This early work by Ford Madox Ford was originally published in 1937
and we are now republishing it with a brand new introduction. Ford
Madox Ford was born Ford Madox Hueffer in Merton, Surrey, England
on 17th December 1873. The creative arts ran in his family -
Hueffer's grandfather, Ford Madox Brown, was a well-known painter,
and his German emigre father was music critic of The Times - and
after a brief dalliance with music composition, the young Hueffer
began to write. Although Hueffer never attended university, during
his early twenties he moved through many intellectual circles, and
would later talk of the influence that the "Middle Victorian,
tumultuously bearded Great" - men such as John Ruskin and Thomas
Carlyle - exerted on him. In 1908, Hueffer founded the English
Review, and over the next 15 months published Thomas Hardy, H. G.

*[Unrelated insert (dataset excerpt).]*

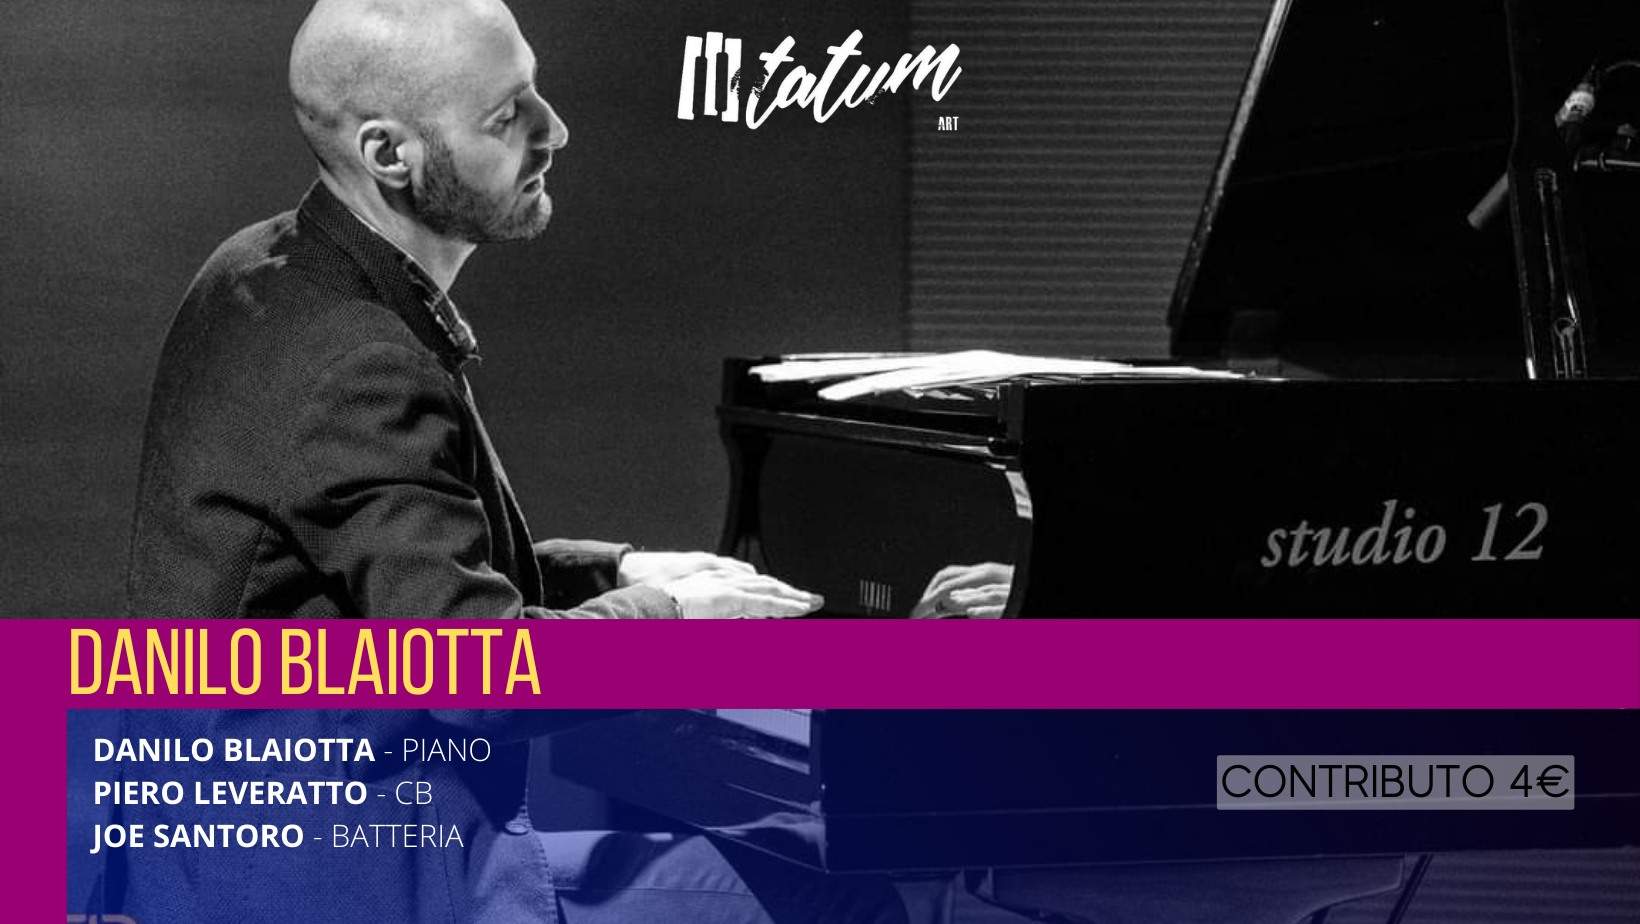 Danilo Blaiotta live at Tatum Art - Palermo / March 3 & 4, 2023

Wells, Joseph Conrad, Henry James, John Galsworthy and W. B. Yeats,
and gave debuts to many authors, including D. H. Lawrence and
Norman Douglas. Hueffer's editorship consolidated the classic canon
of early modernist literature, and saw him earn a reputation as of
one of the century's greatest literary editors. Ford's most famous
work was his Parade's End tetralogy, which he completed in the
1920's and have now been adapted into a BBC television drama. Ford
continued to write through the thirties, producing fiction,
non-fiction, and two volumes of autobiography: Return to Yesterday
(1931) and It was the Nightingale (1933). In his last years, he
taught literature at the Olivet College in Michigan. Ford died on
26th June 1939 in Deauville, France, at the age of 65.